**What is required**
Would you return the lines between the one holding "family loves! ⭐️" and the one holding "Philippe Katerine and", inclusive, and only those, exactly as they stand in the listing below?

- - - - - - -

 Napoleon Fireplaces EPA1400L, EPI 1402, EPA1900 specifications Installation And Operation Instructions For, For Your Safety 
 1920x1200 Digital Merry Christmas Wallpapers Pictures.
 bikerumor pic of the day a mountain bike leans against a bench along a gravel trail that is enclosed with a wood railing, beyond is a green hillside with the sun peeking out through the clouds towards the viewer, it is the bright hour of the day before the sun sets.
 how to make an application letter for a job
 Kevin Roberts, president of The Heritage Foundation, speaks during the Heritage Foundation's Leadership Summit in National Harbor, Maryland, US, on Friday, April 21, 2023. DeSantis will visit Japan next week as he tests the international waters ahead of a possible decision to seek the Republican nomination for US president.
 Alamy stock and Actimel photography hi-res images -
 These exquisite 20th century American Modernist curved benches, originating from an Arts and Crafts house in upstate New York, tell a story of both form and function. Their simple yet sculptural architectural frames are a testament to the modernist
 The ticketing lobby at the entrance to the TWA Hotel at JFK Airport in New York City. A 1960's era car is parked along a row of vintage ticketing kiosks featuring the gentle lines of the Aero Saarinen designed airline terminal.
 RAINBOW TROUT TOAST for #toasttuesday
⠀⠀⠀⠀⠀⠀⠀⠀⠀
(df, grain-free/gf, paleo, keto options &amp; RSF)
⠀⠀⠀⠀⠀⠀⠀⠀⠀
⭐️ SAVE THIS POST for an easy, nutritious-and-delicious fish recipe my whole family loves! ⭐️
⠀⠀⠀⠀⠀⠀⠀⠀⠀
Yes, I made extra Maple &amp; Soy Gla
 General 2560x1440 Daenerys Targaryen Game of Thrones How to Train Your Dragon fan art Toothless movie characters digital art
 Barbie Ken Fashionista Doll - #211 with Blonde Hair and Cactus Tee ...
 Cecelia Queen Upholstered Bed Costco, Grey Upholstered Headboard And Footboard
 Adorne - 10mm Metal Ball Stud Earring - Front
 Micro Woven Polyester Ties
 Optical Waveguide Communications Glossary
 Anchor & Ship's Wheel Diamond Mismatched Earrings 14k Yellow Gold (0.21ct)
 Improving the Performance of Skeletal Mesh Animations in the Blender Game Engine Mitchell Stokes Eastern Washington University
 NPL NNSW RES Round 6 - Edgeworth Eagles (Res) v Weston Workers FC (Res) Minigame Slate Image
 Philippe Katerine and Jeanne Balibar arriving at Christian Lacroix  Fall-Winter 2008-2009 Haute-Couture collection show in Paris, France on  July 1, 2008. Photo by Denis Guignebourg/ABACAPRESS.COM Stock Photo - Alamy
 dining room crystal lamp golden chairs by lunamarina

- - - - - - -

**Answer section**
⭐️ SAVE THIS POST for an easy, nutritious-and-delicious fish recipe my whole family loves! ⭐️
⠀⠀⠀⠀⠀⠀⠀⠀⠀
Yes, I made extra Maple &amp; Soy Gla
 General 2560x1440 Daenerys Targaryen Game of Thrones How to Train Your Dragon fan art Toothless movie characters digital art
 Barbie Ken Fashionista Doll - #211 with Blonde Hair and Cactus Tee ...
 Cecelia Queen Upholstered Bed Costco, Grey Upholstered Headboard And Footboard
 Adorne - 10mm Metal Ball Stud Earring - Front
 Micro Woven Polyester Ties
 Optical Waveguide Communications Glossary
 Anchor & Ship's Wheel Diamond Mismatched Earrings 14k Yellow Gold (0.21ct)
 Improving the Performance of Skeletal Mesh Animations in the Blender Game Engine Mitchell Stokes Eastern Washington University
 NPL NNSW RES Round 6 - Edgeworth Eagles (Res) v Weston Workers FC (Res) Minigame Slate Image
 Philippe Katerine and Jeanne Balibar arriving at Christian Lacroix  Fall-Winter 2008-2009 Haute-Couture collection show in Paris, France on  July 1, 2008. Photo by Denis Guignebourg/ABACAPRESS.COM Stock Photo - Alamy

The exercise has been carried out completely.